*About this task:* In the copy of the lines below, leave out pictures and print everything else exactly.

*Data provided:*
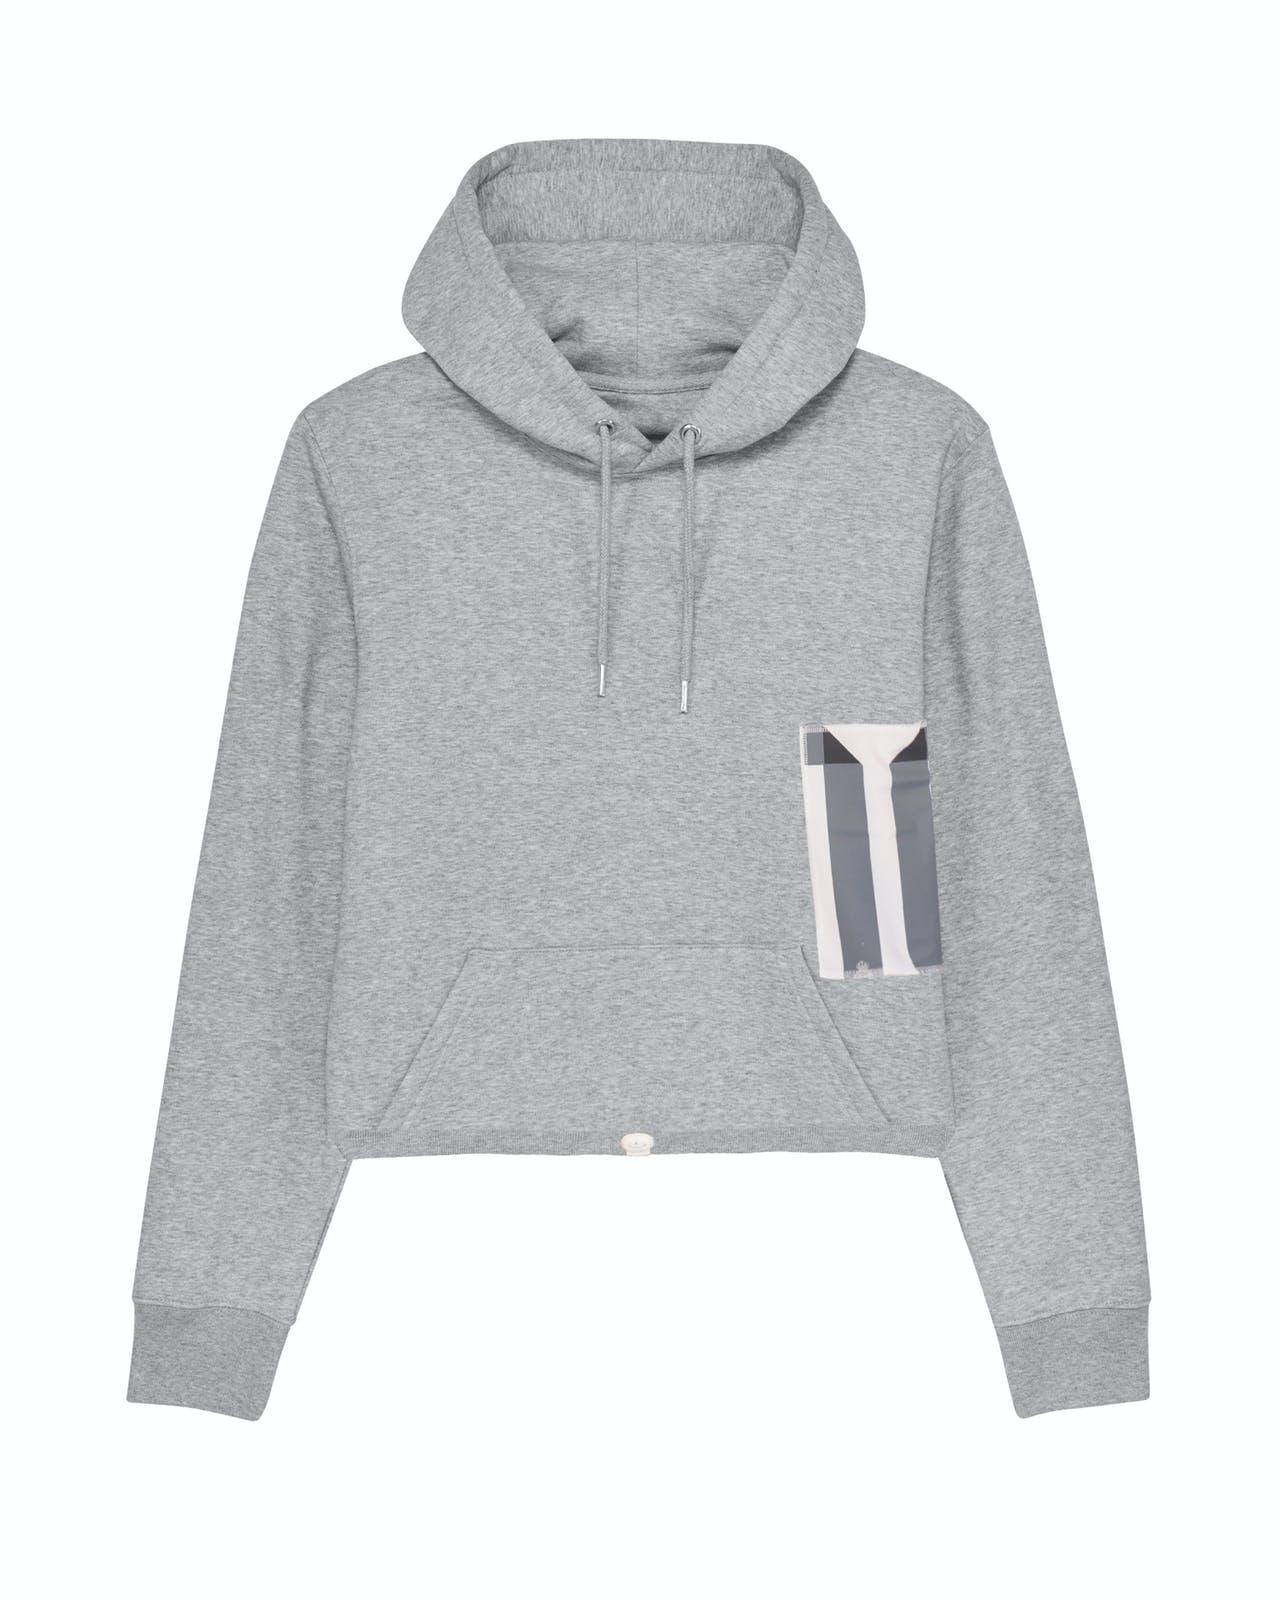 Remix hoodie grey
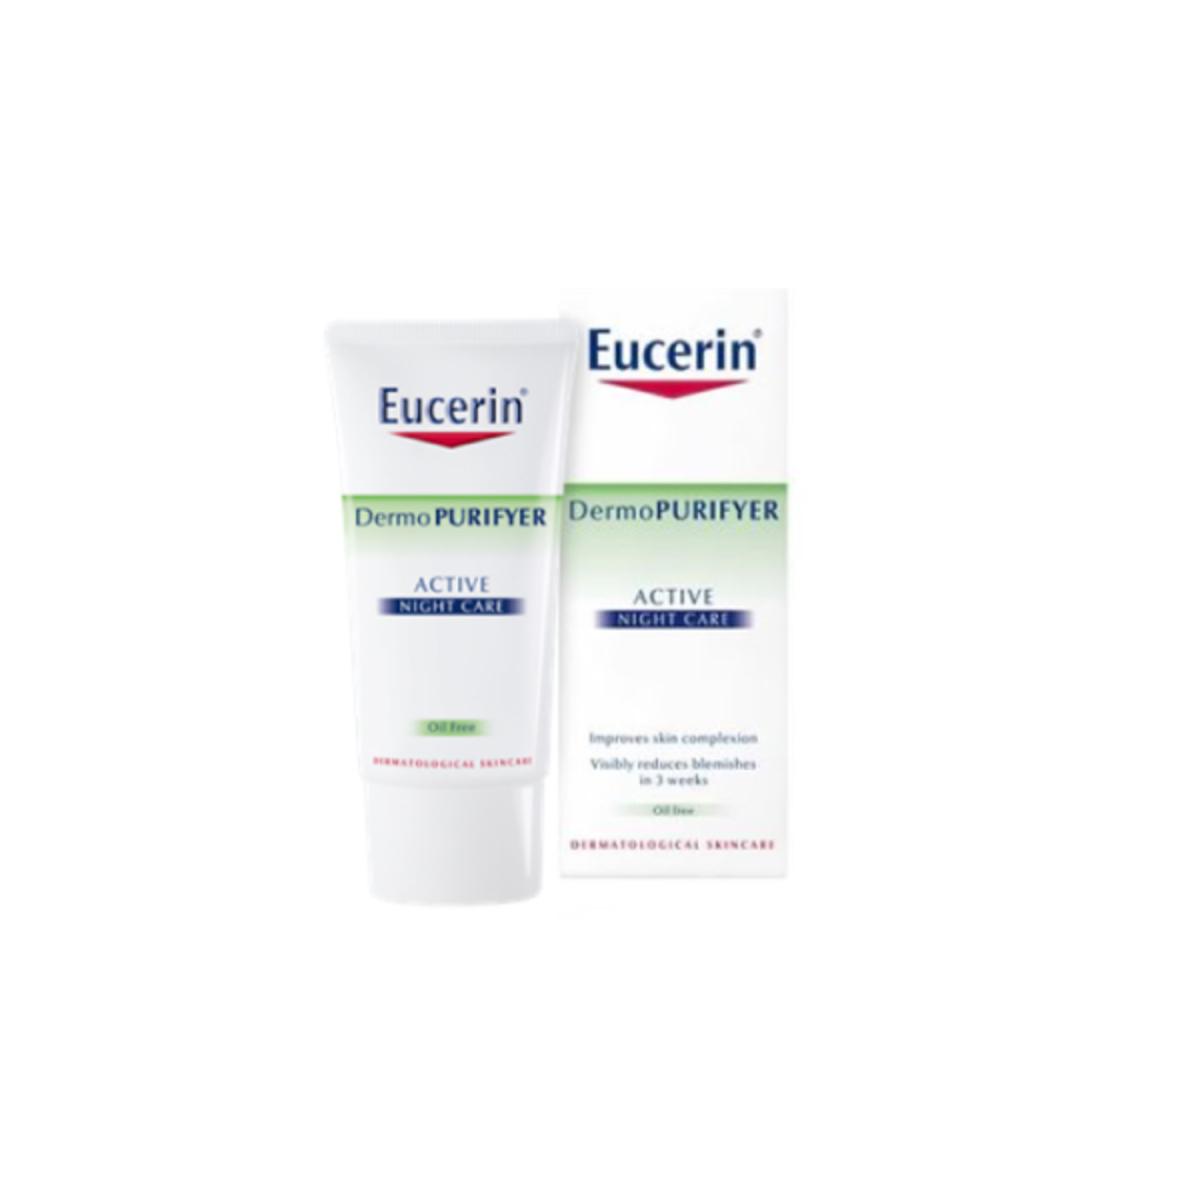 eucerin dermopurifyer hydrating care 50ml
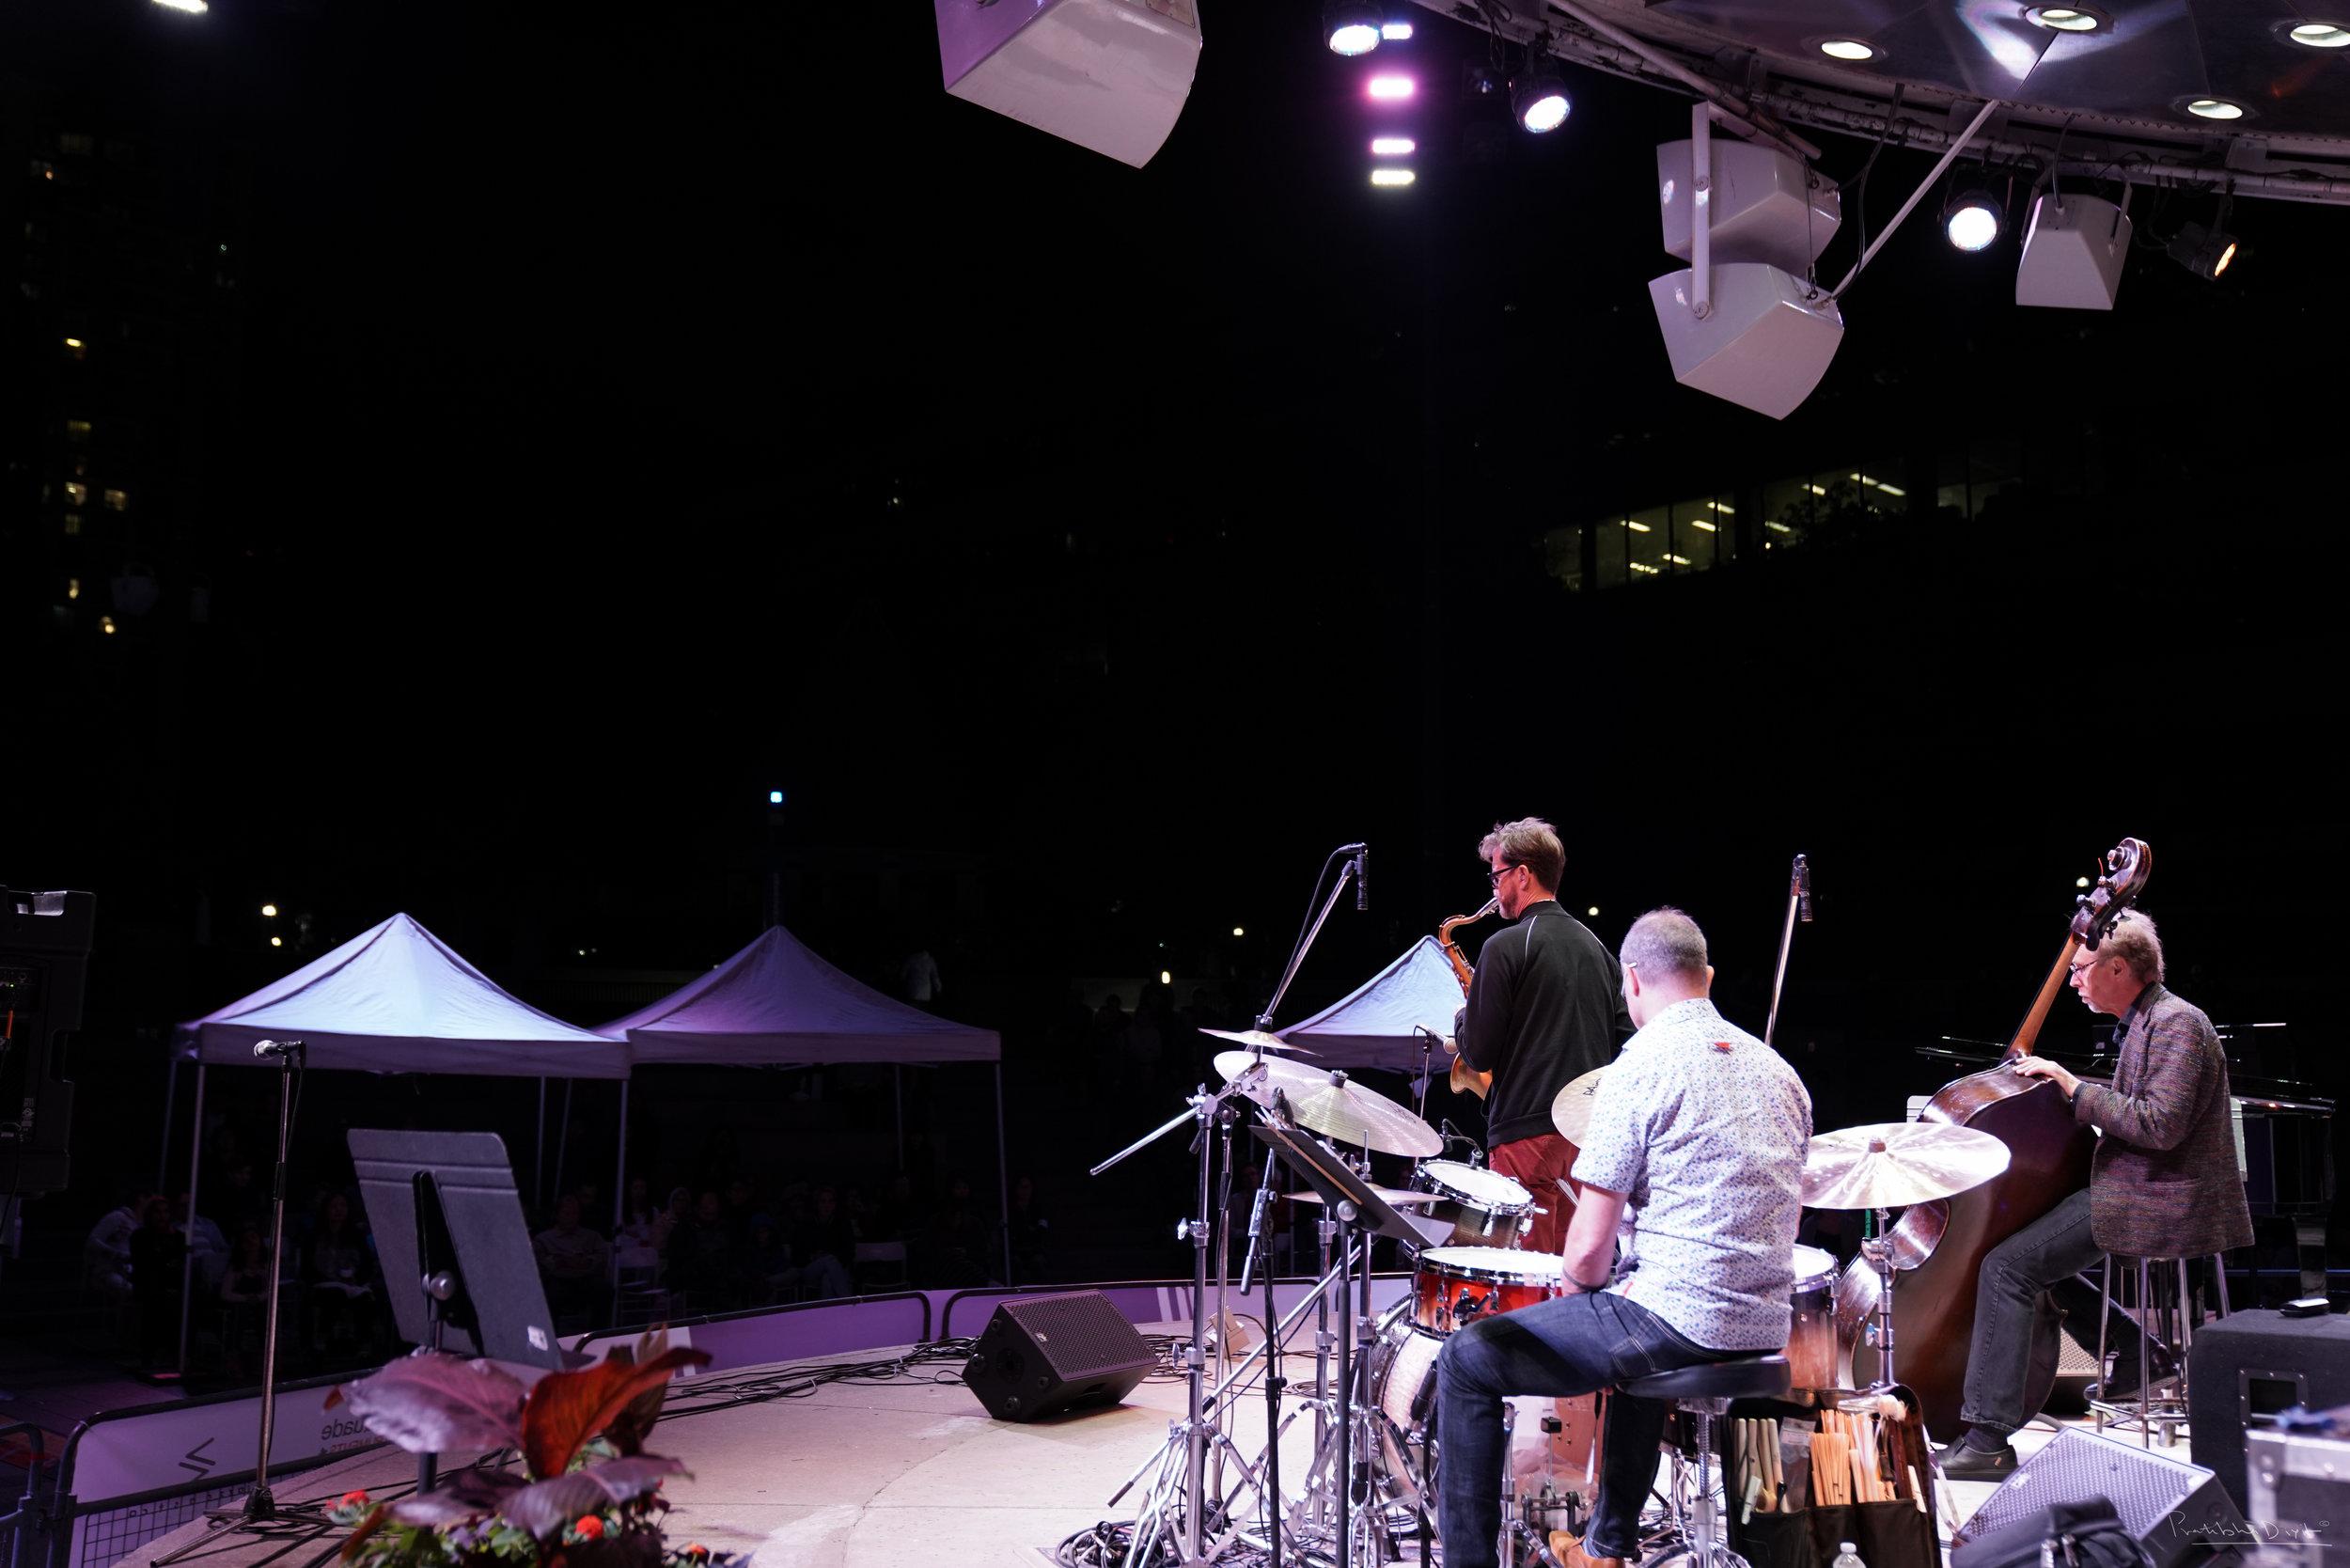 2019 Donny McCaslin Concert-Donny trio 4 main.jpg

*Solution to this problem:*
 Remix hoodie grey
 eucerin dermopurifyer hydrating care 50ml
 2019 Donny McCaslin Concert-Donny trio 4 main.jpg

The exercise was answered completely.